At the UC San Diego campus, hundreds of workers joined the picket lines where the energy was forceful and defiant. The UC administration had attempted to negotiate until the 11th hour to prevent the strike, but their offers didn’t match worker demands. Academic workers in the UC system are fighting for a fair contract, with broad demands anchored by pay increases that account for inflation. 

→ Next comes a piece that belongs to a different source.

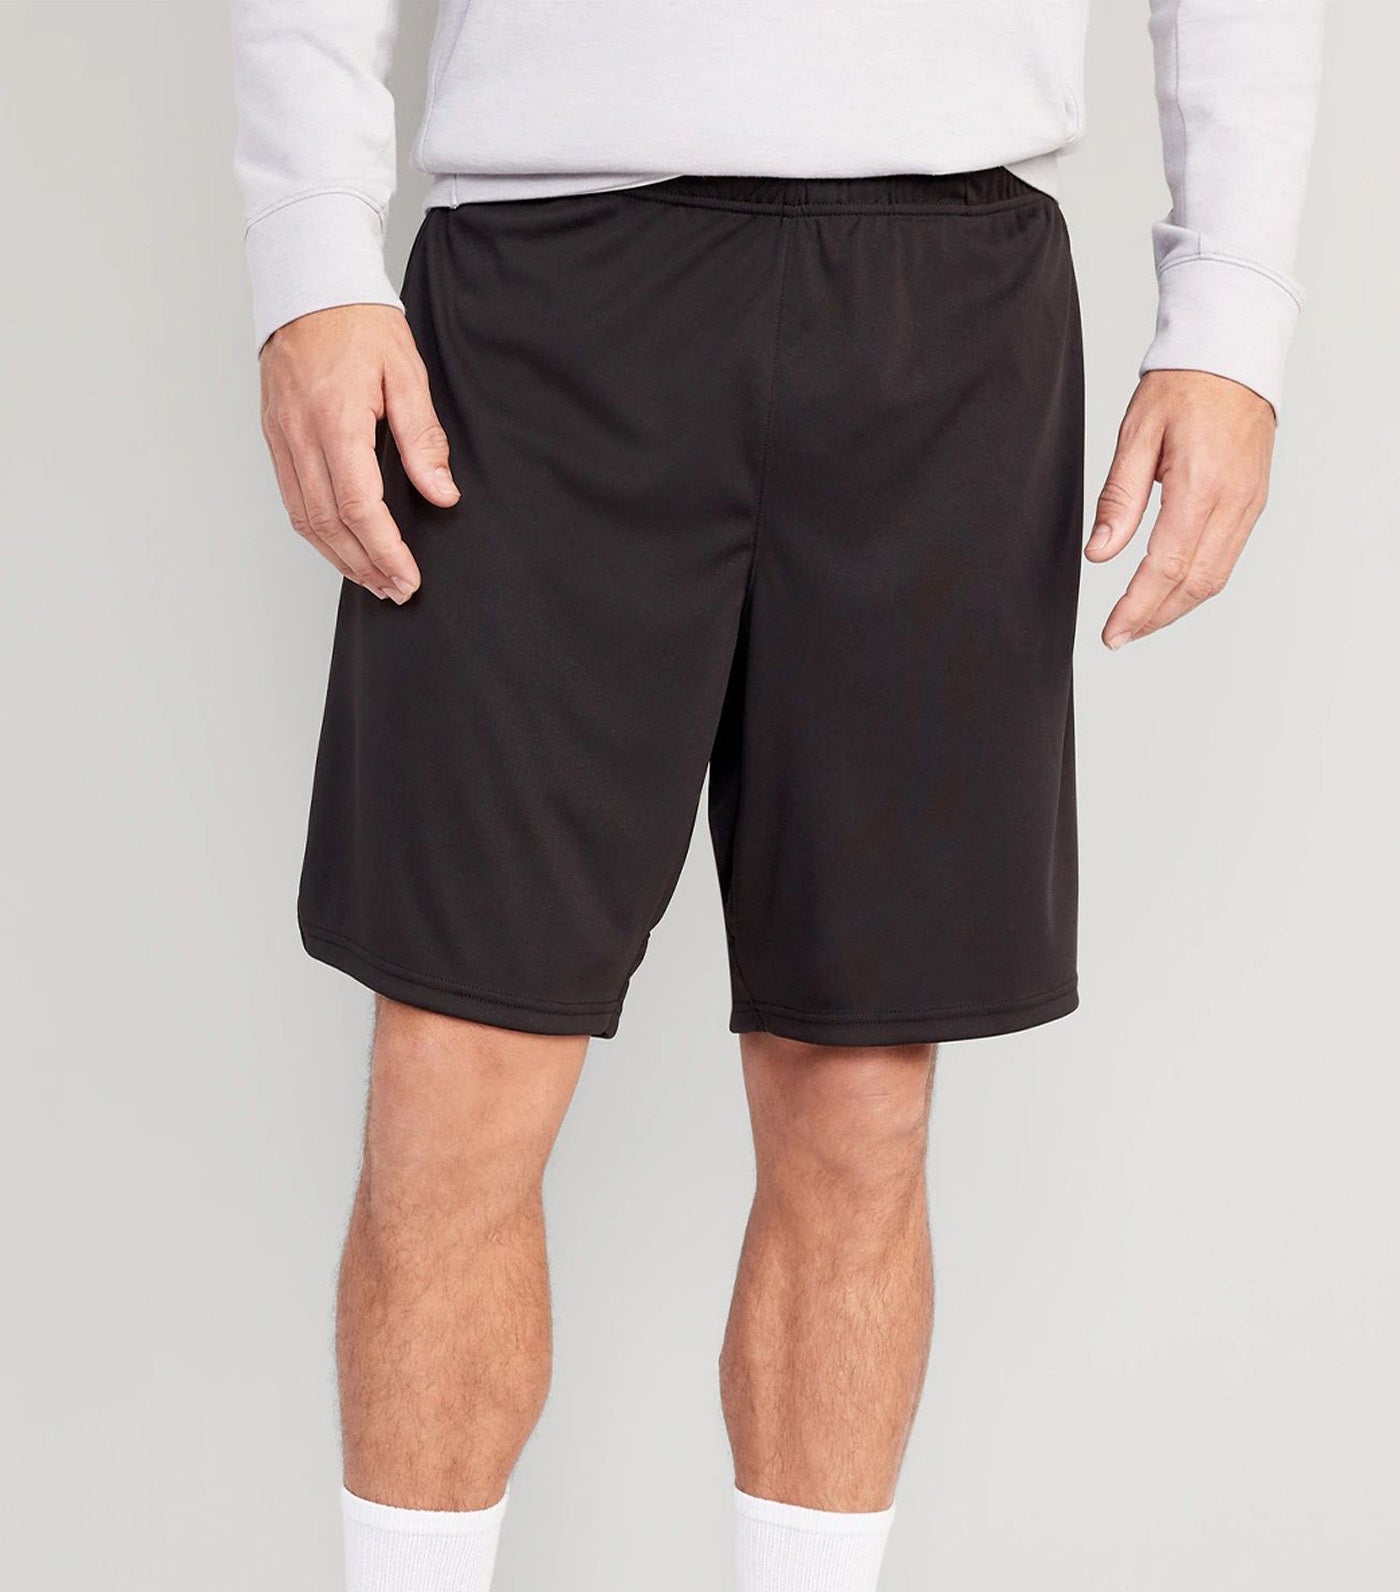 Go-Dry Mesh Basketball Shorts for Men - 9-inch inseam Black Jack

Across the state, 90 percent of graduate workers and over 60 percent of postdocs are rent burdened. Last year, UCSD increased rents in student housing by up to 85 percent, meaning some students put as much as 75 percent of their income toward housing. Additionally, in a state with very little public transit — and as tackling climate change becomes more urgent — access to reliable transportation and greater investment in cycling infrastructure is a central demand for the union. The union is also demanding longer minimum appointment durations for workers such as postdocs and academic researchers who are often kept in precarious employment and unable to push back against abusive labor practices due to these short contracts. 

These dire conditions for education workers and the unwillingness of UC to pay them is a result of neoliberal austerity policies which cut funding for education and forced the universities to rely on tuition and private investment. In fact, public funding for universities is at a historic low. Thus, striking for better material conditions is important but without structural change, workers will eventually find themselves squeezed again. As the fighting spirit of labor builds across the country, demands must expand beyond economic demands to political change.

UC workers are not alone in their fight for better living conditions. With strike authorizations at Temple University, The New School, and negotiations brewing at University of Michigan, eyes are on the UC strike. What happens here will set a precedent for campus worker struggles across the country.